The confessional poetry is something that poets of the fifties like Robert Lowell and John Berryman had developed; but it reached its climax with Anne Sexton. Confessional mode of poetry is also defined as the poetry of 'I' centering on the extremes of the psyche, taboo issues, mental illness, sexuality, and even suicide.

Robert Lowell's Life Studies entitled as the "Poetry as Confession", John Berryman’s Dream Songs and Snodgrass’ Heart's Needle, Anne Sexton in All My Pretty Ones (1962) and Sylvia Plath in Ariel (1966) are some of the milestones of the confessional poetry in American Literature. Such poetry broke away from modernism's dedication to the impersonality and reopened poetry to intense self-exploration and frank revelation of personal experiences. Some legends of confessional poetry are: Robert Lowell, Sylvia Plath, John Berryman, Anne Sexton, Allen Ginsberg and Snodgrass.

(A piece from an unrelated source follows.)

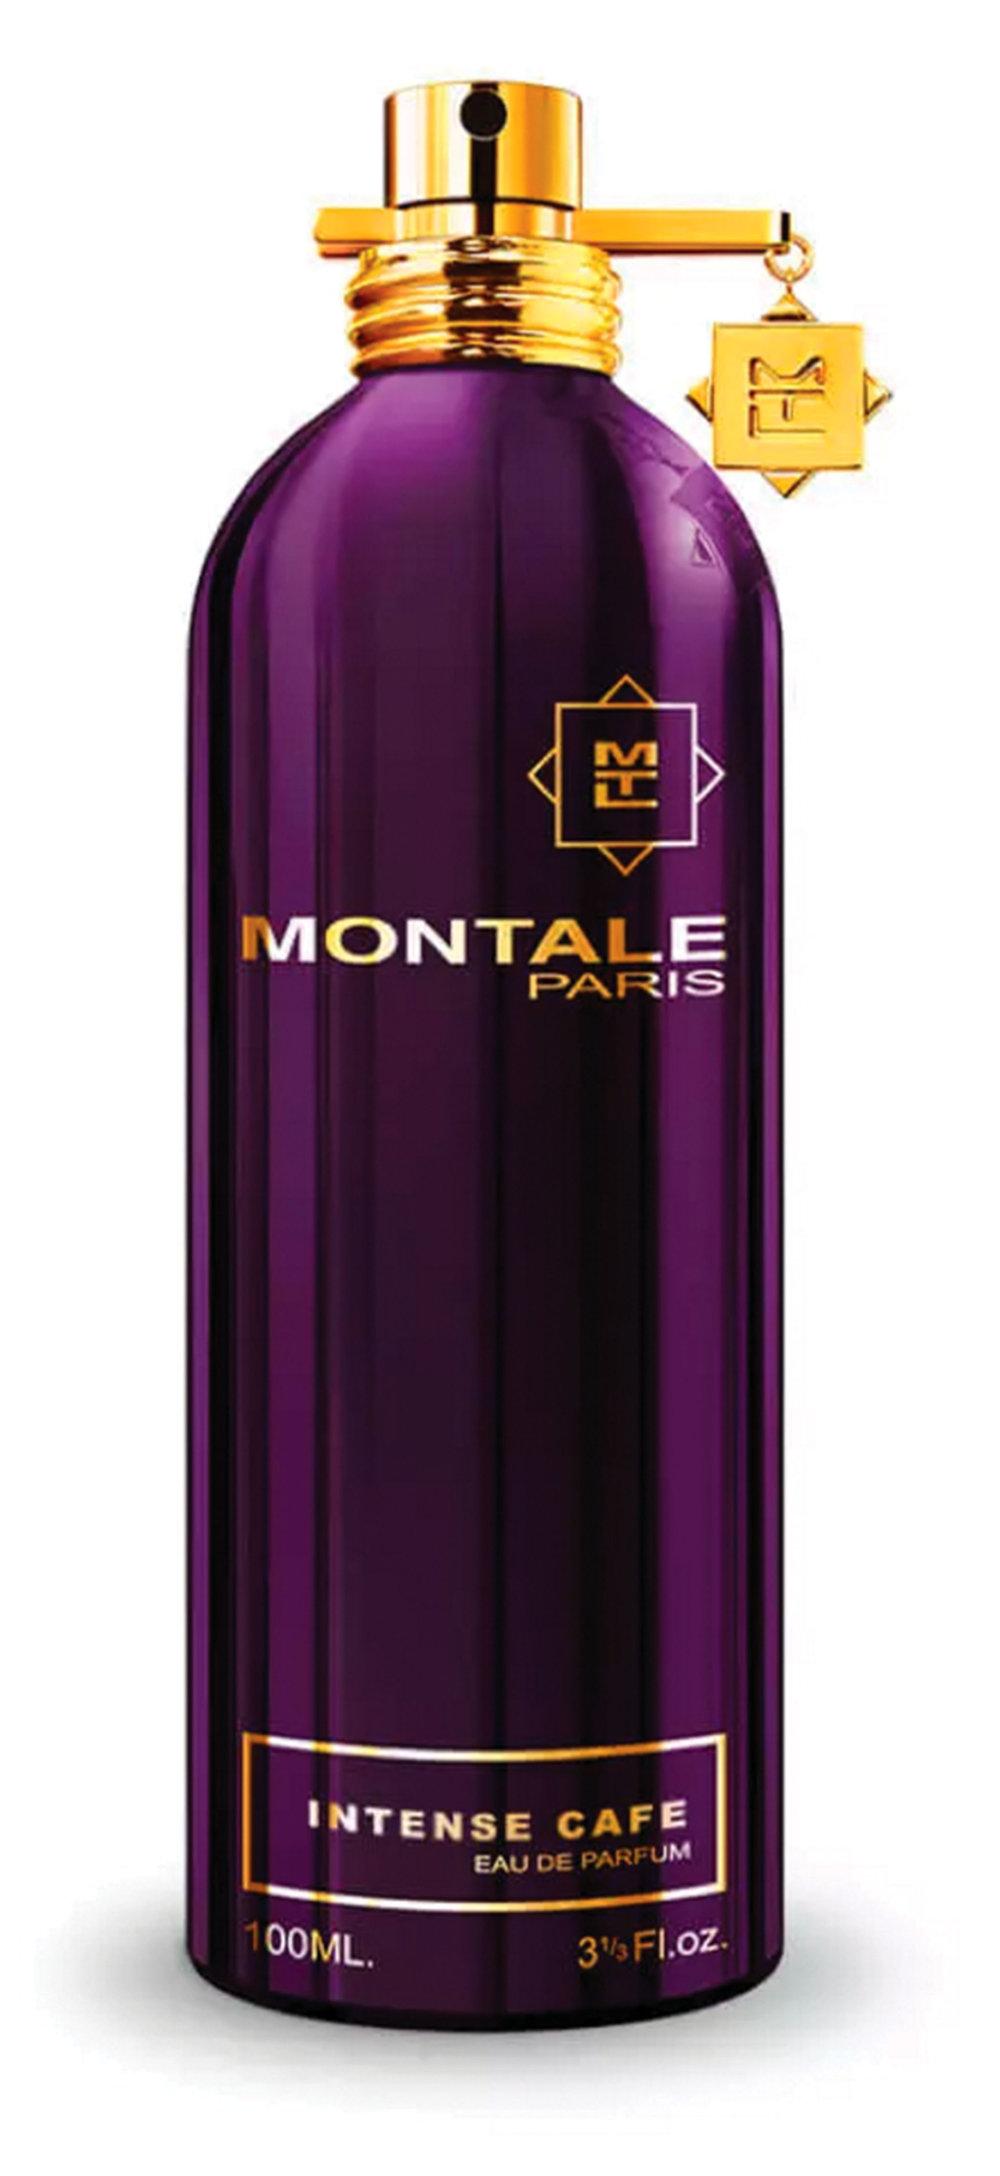 11. Intense Cafe Eau de Parfum, 100ml, by Montale US$170,  bloomingdales.com

Although the early confessional poets rarely used their poetry to explore political issues, their investigations of how personal identity is constructed laid the ground for a more open political poetry that emerged in America in the late 1950s. The confessional poets also became the first generation to teach the writing of poetry in America. As instructors at some of the earliest poetry workshops, they developed poetry as a subject at a number of American colleges and universities. Some of Lowell's poetry students used his confessional techniques for even more intense and unsettling self-examinations - especially Anne Sexton in All My Pretty Ones (1962) and Sylvia Plath in Ariel (1966). Steeped in Freudian analysis and imagery, these poems tracked psychological breakdowns; and a number of the confessional poets, including Sexton and Plath, took their own lives. Their poetry explored tortured family relationships and examined the female psyche, the female body, and the dynamics of mother-daughter interactions. Sexton's and Plath's poetry influenced the development of feminist poetry - poetry by women that questioned the traditional roles society assigned to females. Confessional poetry in general served as a counterforce to the prevailing mood of the country in the 1950s and 1960s, when the family was presented in the mass media as the source of stability and happiness.